Rectifier circuit 74 is shown in detail and is identical with the rectifiercircuit of FIG. 3. Rectifier circuits 75, 76 and 77 are identical to rectifier circuit 74 and are connected as shown to provide the correct polarity for the bridge rectifier.
l. A transistor rectifying circuit for an alternating current signal, including in combination, first and second terminals for receiving the alternating current signal, a first transistor having a collector electrode directly connected to said first terminal, an emitter electrode directly connected to said second terminal and a base electrode, bias circuit means directly connected between said first and second terminals and further coupled to said base electrode of said first transistor, said bias circuit means being responsive to the alternating current signal to develop a bias signal therefrom and apply the same to said base electrode, said bias signal being of greater magnitude than the alternating current signal at said collector and emitter electrodes during one-half cycle of the alternating current signal whereby said transistor is biased to saturation.

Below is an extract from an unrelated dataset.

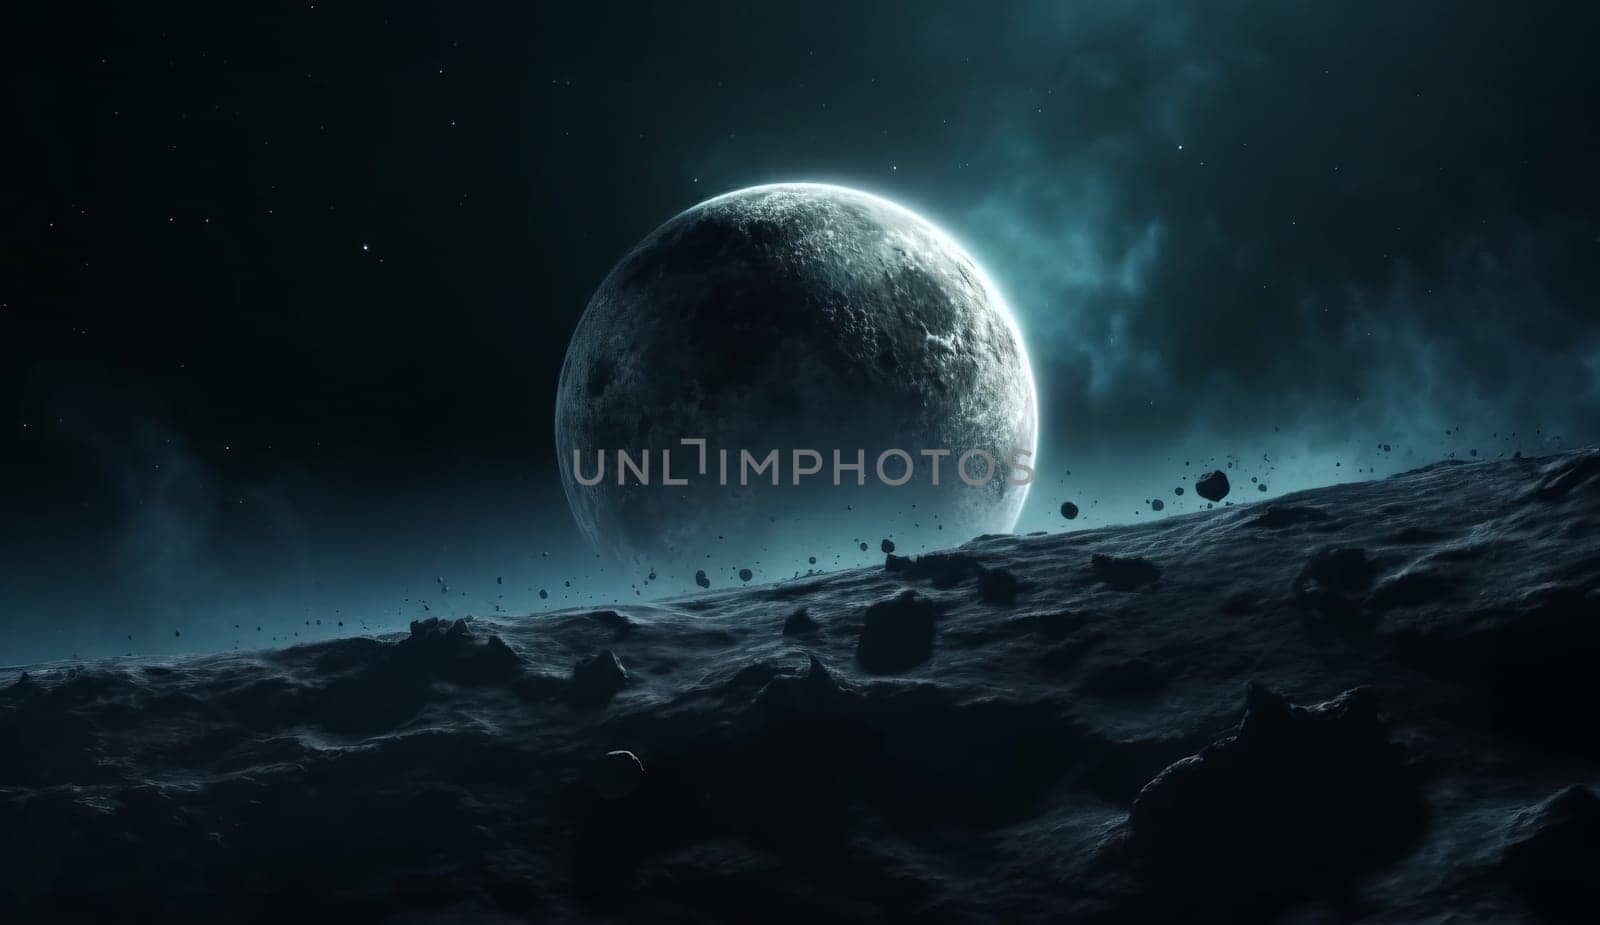 Moon in space in the background of the planet by studiodav

2. The transistor rectifying circuit of claim 1 wherein, said bias circuit means include a transformer having a first winding portion coupled between said first and second terminals and a second winding portion coupled to said base electrode.

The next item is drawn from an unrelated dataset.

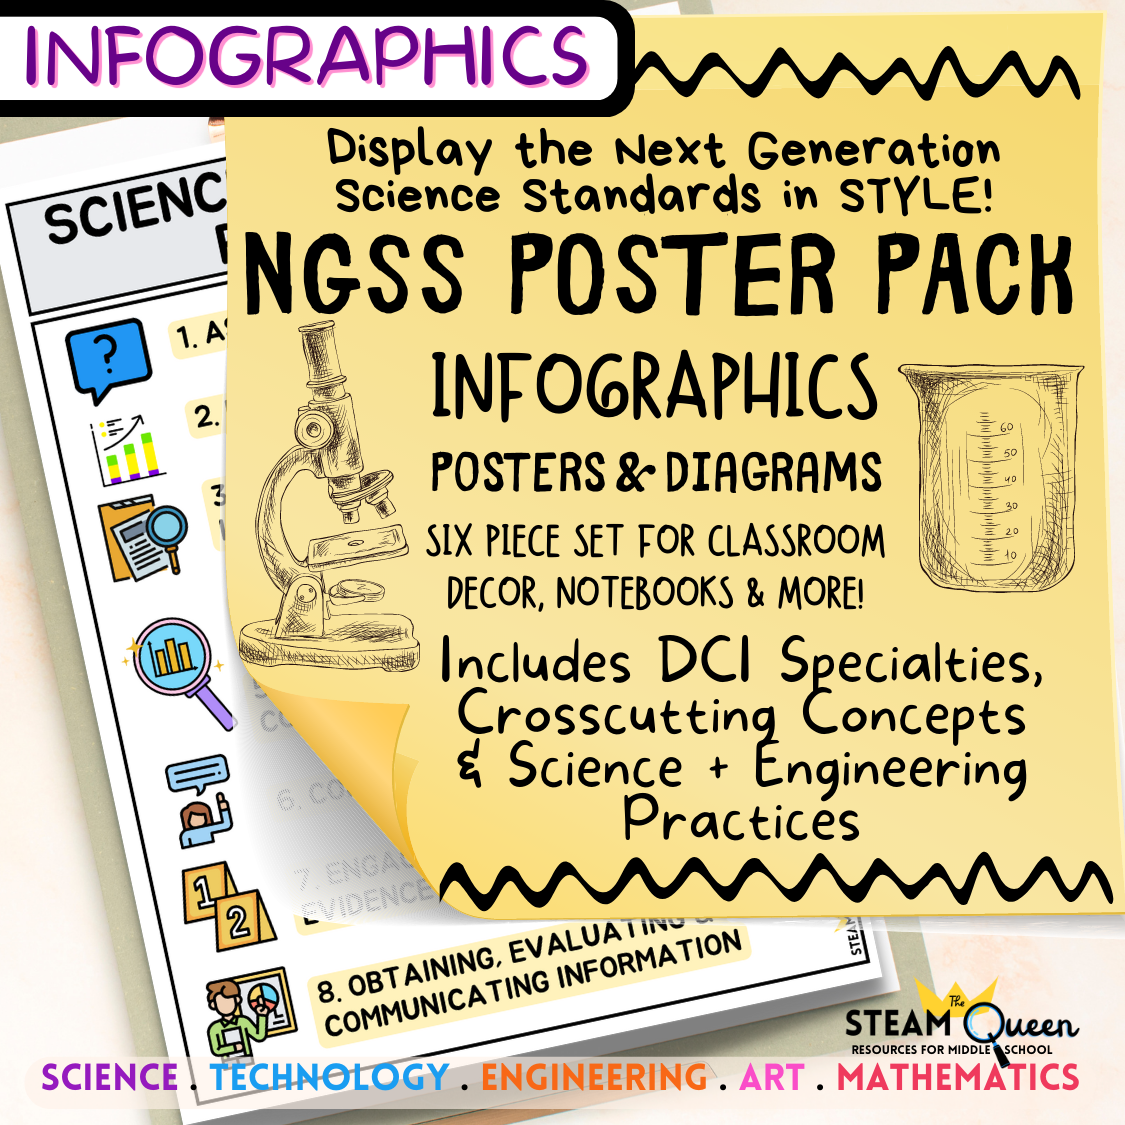 NGSS Poster Pack: Set of 6 Infographics Branches of Science, Science and Engineering Practices and Crosscutting Concepts

3. The transistor rectifying circuit of claim 2 wherein, said transformer includes a terminal common to said first and second winding portion, said first winding portion includes a first transformer terminal and said second winding portion includes a second transformer terminal, said common transformer terminal being connected to said first terminal, capacitance means connecting said first transformer terminal to said second terminal, and resistance means connecting said second transformer terminal to said base electrode.

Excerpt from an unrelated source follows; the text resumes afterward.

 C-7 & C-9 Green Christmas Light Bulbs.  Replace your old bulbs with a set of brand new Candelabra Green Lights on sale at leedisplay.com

4. The transistor rectifying circuit of claim I wherein, said bias circuit means includes, capacitor means and diode means connected in series between said first and second terminals, a second transistor having an emitter electrode connected to the junction of said capacitor means and said diode means, a base electrode coupled to to the other side of said diode means and a collector electrode connected to said base electrode of said first transistor, said second transistor being of the polarity type opposite to that of said first transistor, said diode means being poled opposite to the base-emitter diode polarity of said second transistor,
5. A bridge rectifier circuit for an alternating current signal, including in combination, four bridge rectifier terminals, four transistor rectifying circuits each connected to pairs of said bridge rectifier circuit, each of said transistor rectifying circuits including first and second terminals, a first transistor having a collector electrode directly connected to said first terminal, an emitter electrode directly connected to said second terminal and a base electrode, bias circuit means including capacitor means and diode means connected in series between said first and second terminals, a second transistor having an emitter electrode connected to the junction of said capacitor means and said diode means, a base electrode coupled to the other side of said diode means and a collector electrode connected to said base electrode of said first transistor, said second transistor being of the polarity type opposite to that of said first transistor, said diode means being poled opposite to the base-emitter diode polarity of said second transistor.